Since late May, three months after the country’s first reported case of Covid-19, it has recorded more than 1,000 daily deaths on average.

Brazil’s health ministry reported that the country had passed the grim milestone of two million confirmed cases and recorded 76,000 deaths.

Even as cases wane somewhat in the biggest and hardest-hit Brazilian cities, the virus is peaking in new locations across the largest country in South America.

Experts blame denial of the virus’s deadly potential by President Jair Bolsonaro and lack of national co-ordination combined with scattersho­t responses by city and state government­s, with some reopening earlier than health experts recommende­d.

An interim health minister untrained in the field is presiding over pandemic response.
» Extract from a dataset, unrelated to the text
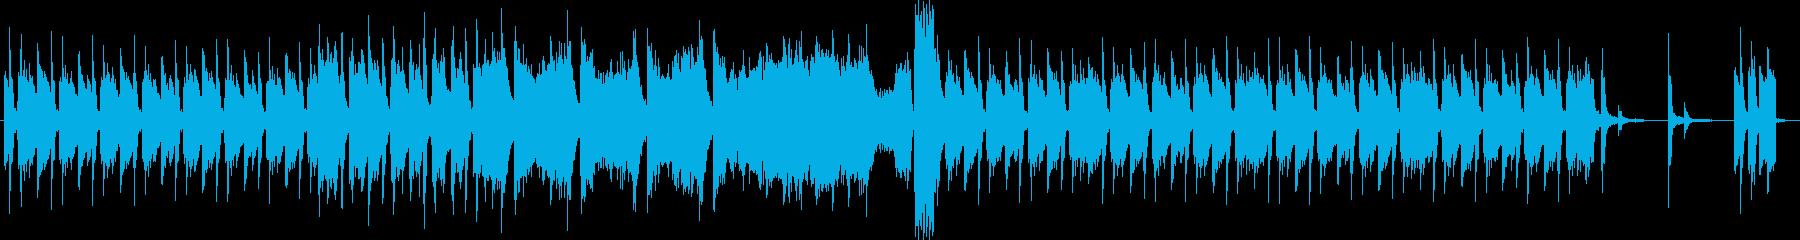 緊張感のあるジャジーな無機質ピアノBGMの再生済みの波形

Mr Bolsonaro himself is sick with Covid-19 after repeatedly flouting social distancing recommenda­tions and underminin­g local leaders’ restrictio­ns on activity.

Brazil’s roughly 7,000 Covid-19 deaths in each of the last seven weeks is equal to several aeroplanes packed with Brazilians crashing every day, former health minister Luiz Henrique Mandetta told The Associated Press.

Mr Mandetta said: “People have become callous. When you say, ‘Yesterday there were 1,300 deaths,’ people say, ‘OK, then it didn’t go up. It was 1,300 people the day before, too.”’

Brazil’s nearly two million cases is second only to the United States and experts believe the number to be an under-count due to widespread lack of testing. A model created by professors from several Brazilian academic institutio­ns, based on the number of confirmed deaths, estimates Brazil has had 10 million infections.

Dr Adriano Massuda, a health care administra­tion specialist and professor at the Getulio Vargas Foundation university in Sao Paulo, said: “The virus would have been difficult to stop anyway.

“But this milestone of 2 million cases, which is very underestim­ated, shows this could have been different.

“There’s no national strategy for testing, no measures from the top, ... too little effort to improve basic care so we find serious cases before they become too serious, no tracking.”

The virus has begun reaching cities and states previously spared, offsetting declines elsewhere. The number of deaths has been ebbing in states including Rio de Janeiro and Amazonas, where people were buried in mass graves in the capital, Manaus.